It still grows 22% YoY, renews 98% of its revenue, and now trades at a PEG of 1 suggesting fair valuation looking at PE divided by expected earnings growth. That is historically cheap for a company that the market never used to let you touch at a fair price. The selloff treated it as if AI were about to hollow it out. I think the market read that backwards.
Last week, I argued SaaS isn't dead. ServiceNow is my first buy on that thesis, and the cleanest version of it.
The bet in one line: when AI agents do the actual work, the systems that own the records, enforce the rules, and keep the receipt are where that work has to land. ServiceNow owns that layer for IT, HR, customer service, and security inside the world's biggest companies.
I put the first position at around $106. Here's why this name, and the one number that decides whether the bet is right.

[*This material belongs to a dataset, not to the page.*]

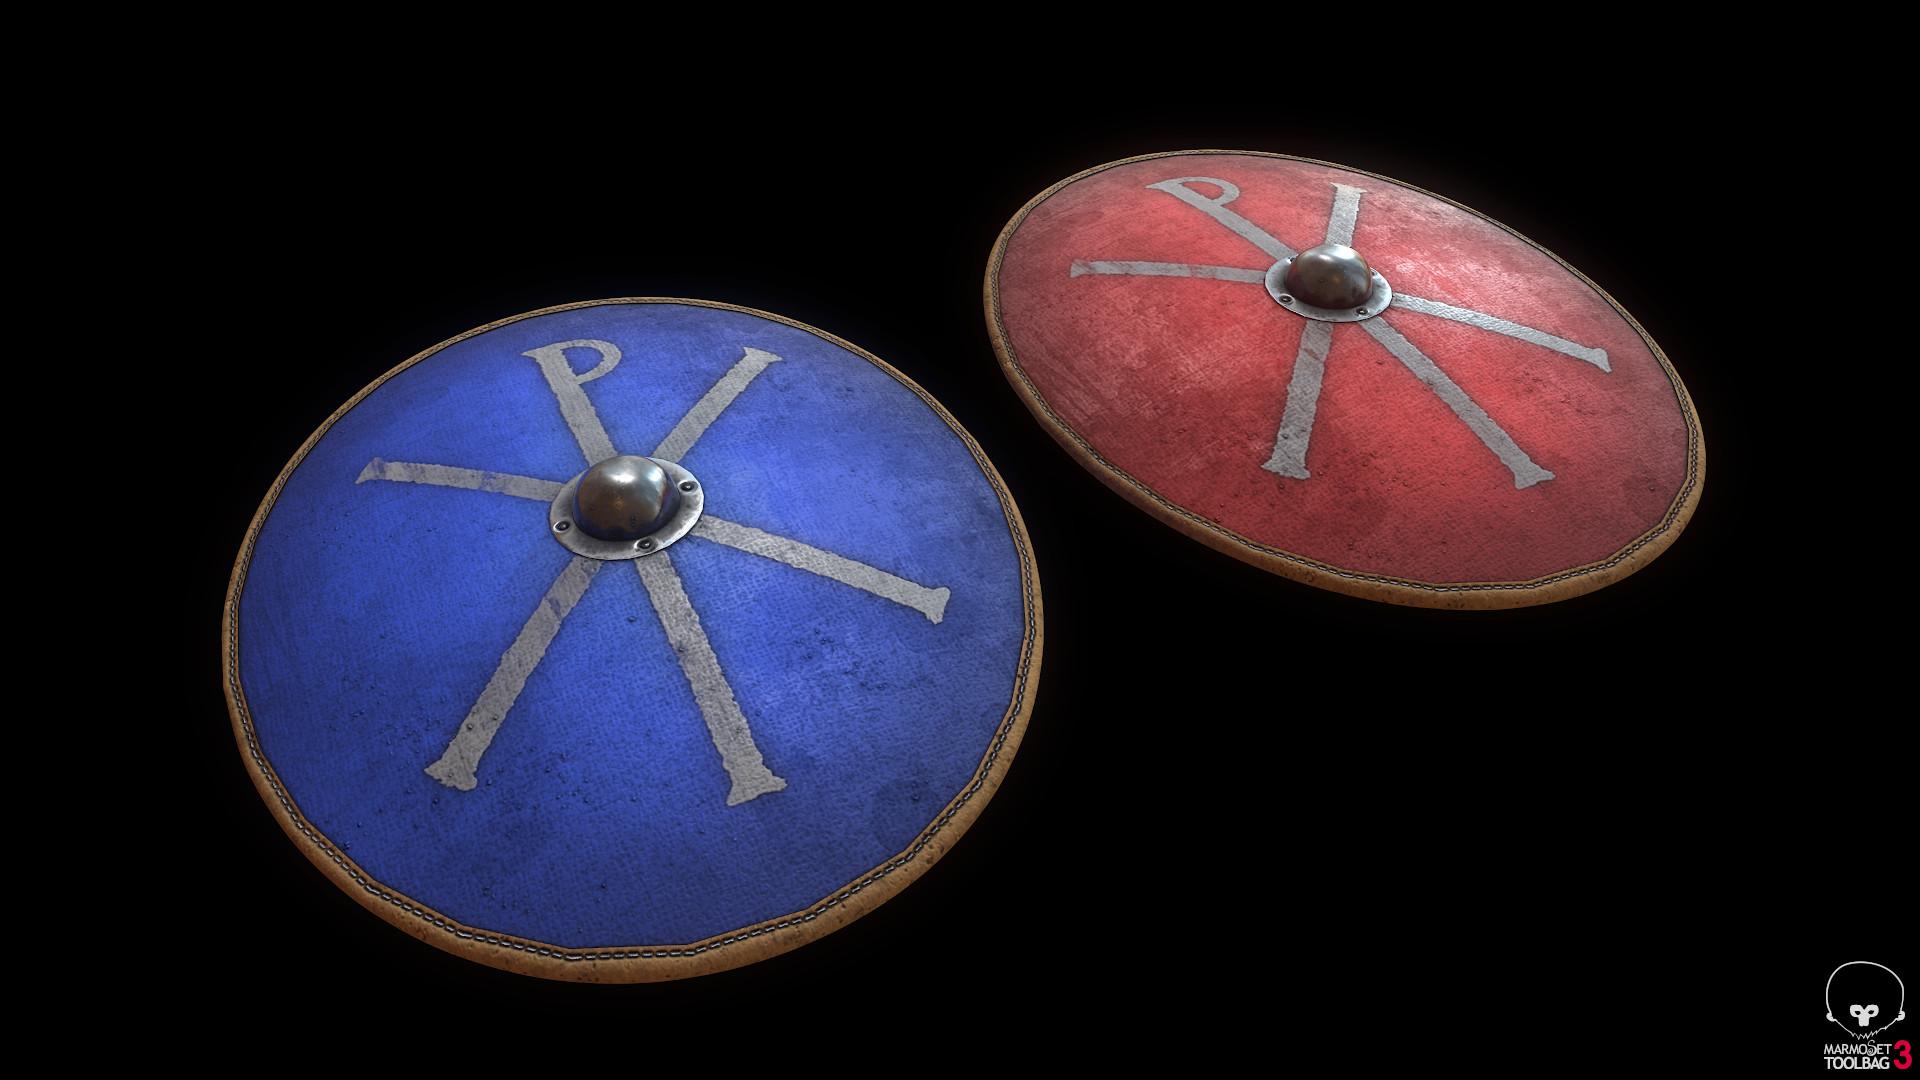 https://cdna.artstation.com/p/assets/images/images/005/042/580/large/bela-csampai-s4h-early-byzantine-shield-01-preview-mt-02.jpg?1488088221

And before we get into it - you can see my full portfolio right here, including my move on this stock and which crypto tokens I hold (and why). It’s all in Milk Road PRO and will only cost you a buck for a quick trial (you can cancel anytime).
WHAT IS SERVICENOW
Let’s start with what it actually is, because the company’s name doesn’t really tell you anything.
ServiceNow provides the ticket routing and infrastructure for large companies: the IT requests, HR cases, customer-service tickets, and security incidents that move work through a big organization. Something happens ("my laptop's dead," "onboard the new hire," "this customer is furious," "we've been breached"), and ServiceNow turns it into a job that gets tracked, routed to the right person, approved, logged, and actually closed. Not a chat about the work. The work itself, with a record of who did it and whether they were allowed to.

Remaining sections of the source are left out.